* Work order
Repeat exactly the line with "TruSkin Vitamin C" and each line after it to the end of the data below; pictures stay out.

==== Given information ====

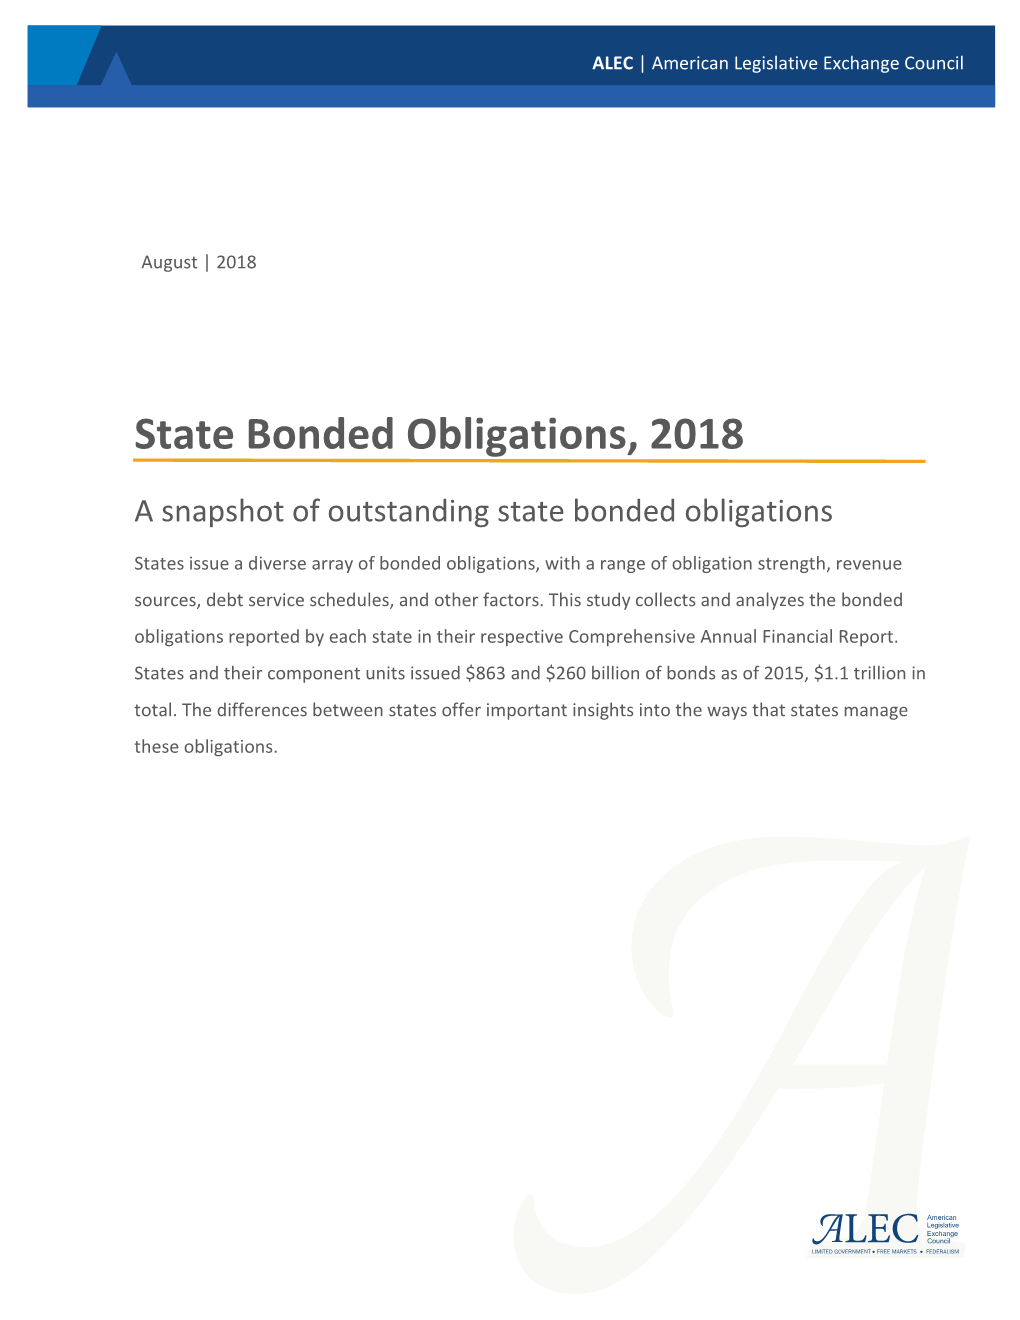 State Bonded Obligations, 2018
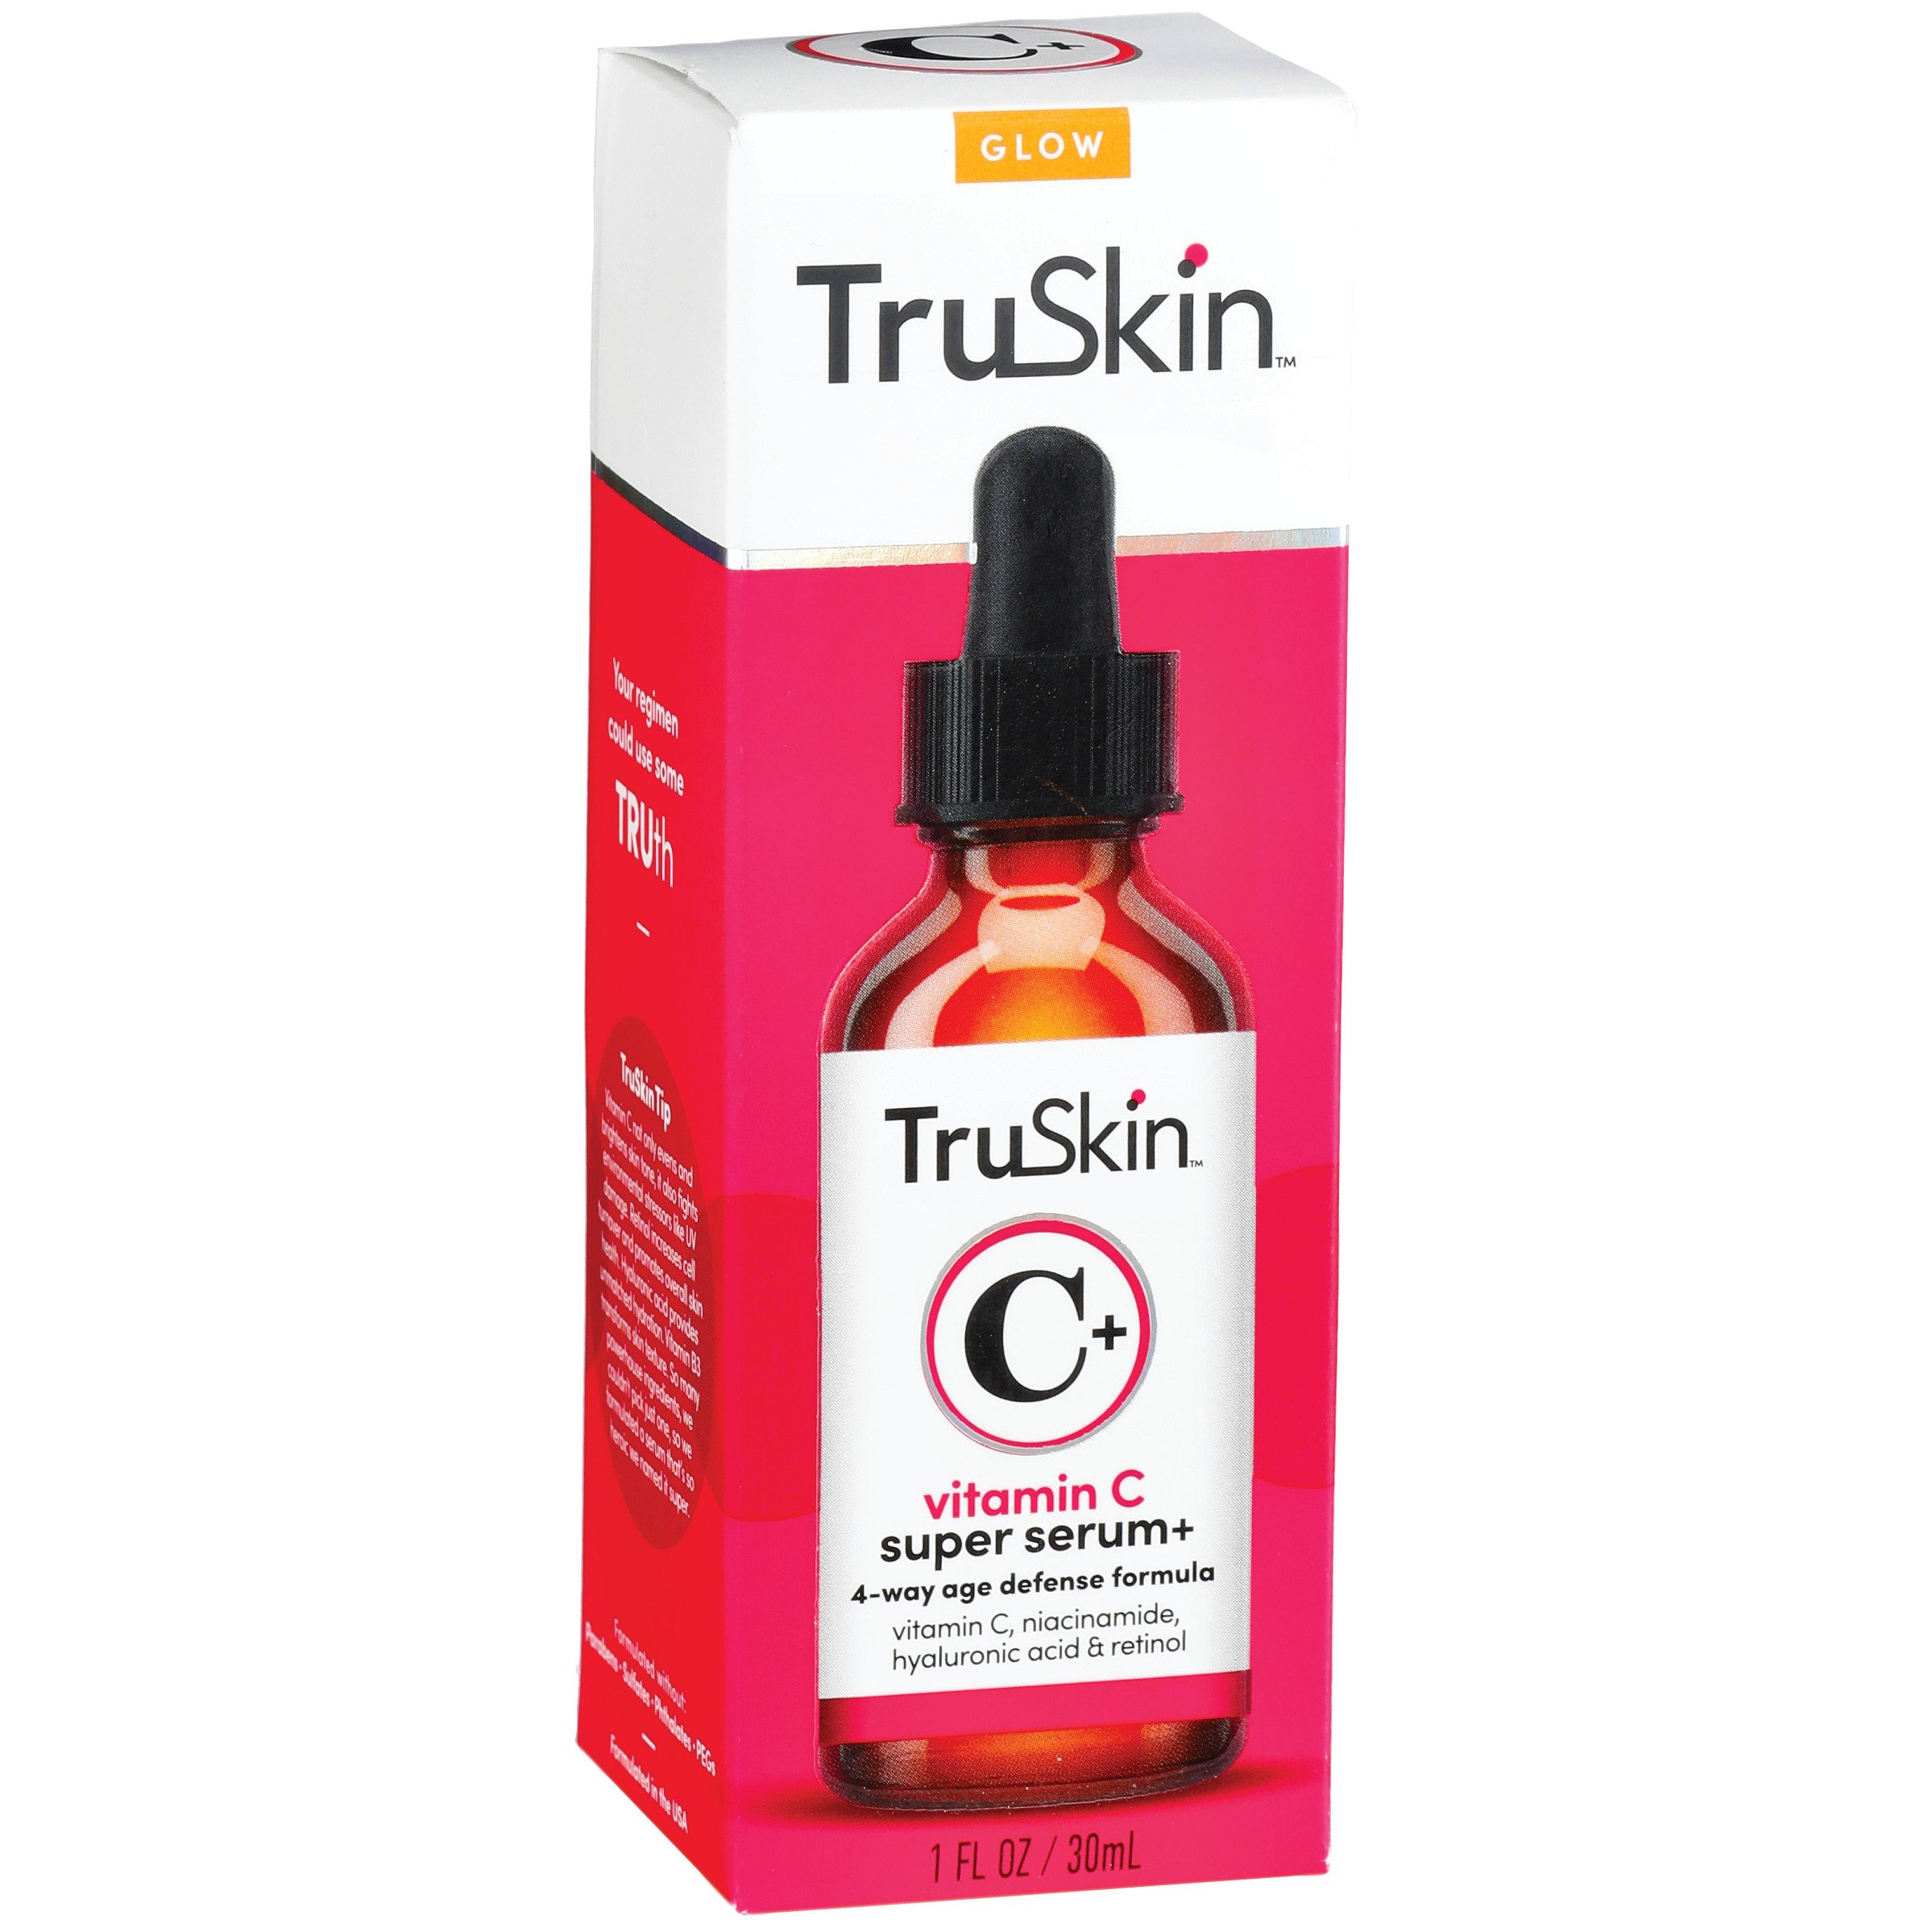 TruSkin Vitamin C Super Serum - Shop Bath Skin at H-E-B
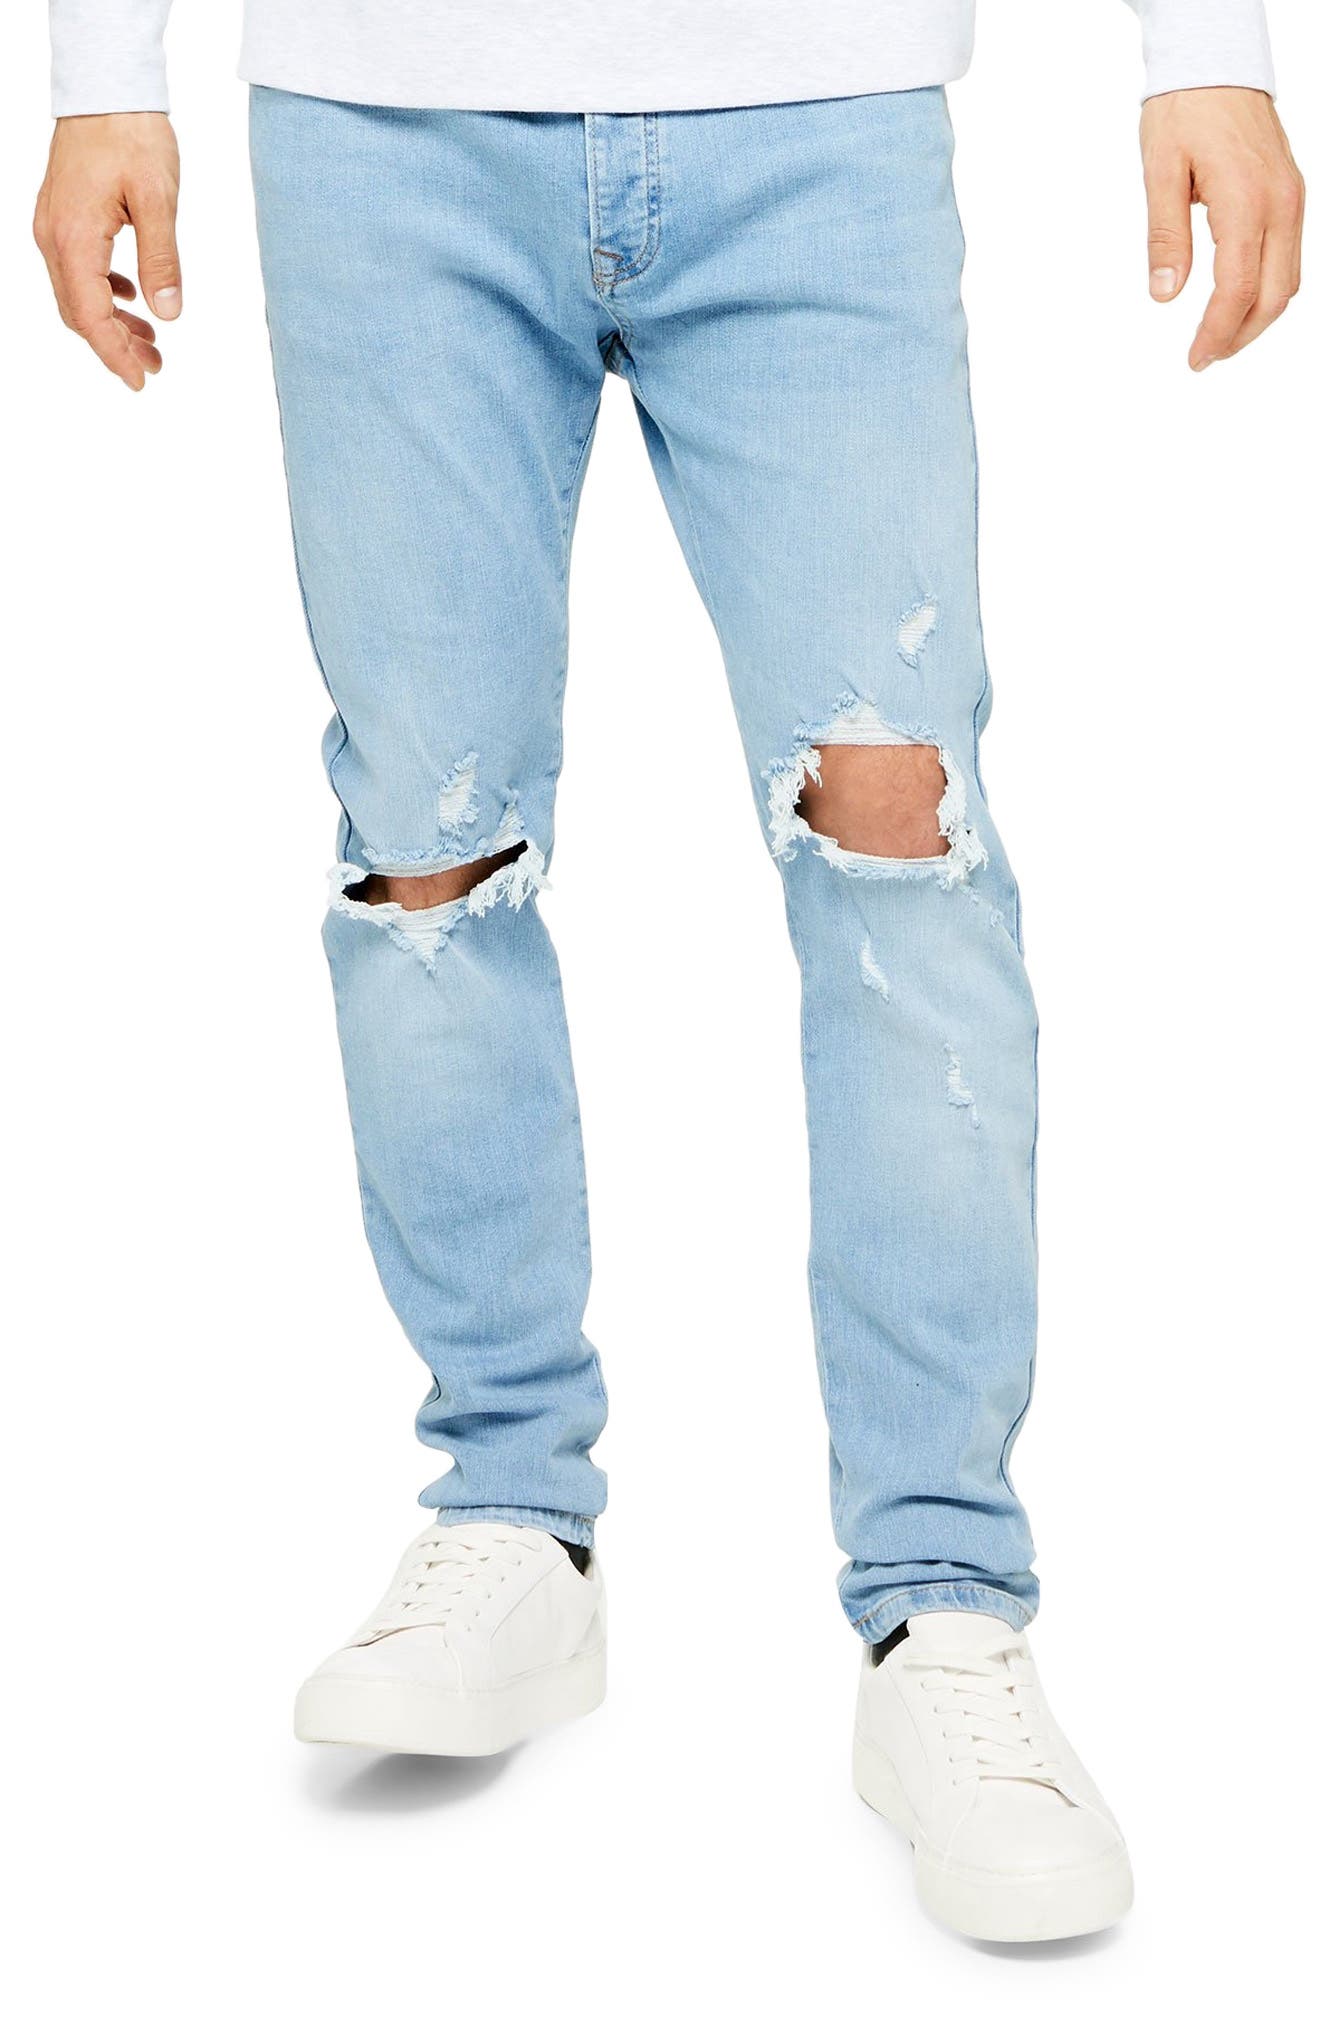 topman jeans sale

====

* Reply to the task
 TruSkin Vitamin C Super Serum - Shop Bath Skin at H-E-B
 topman jeans sale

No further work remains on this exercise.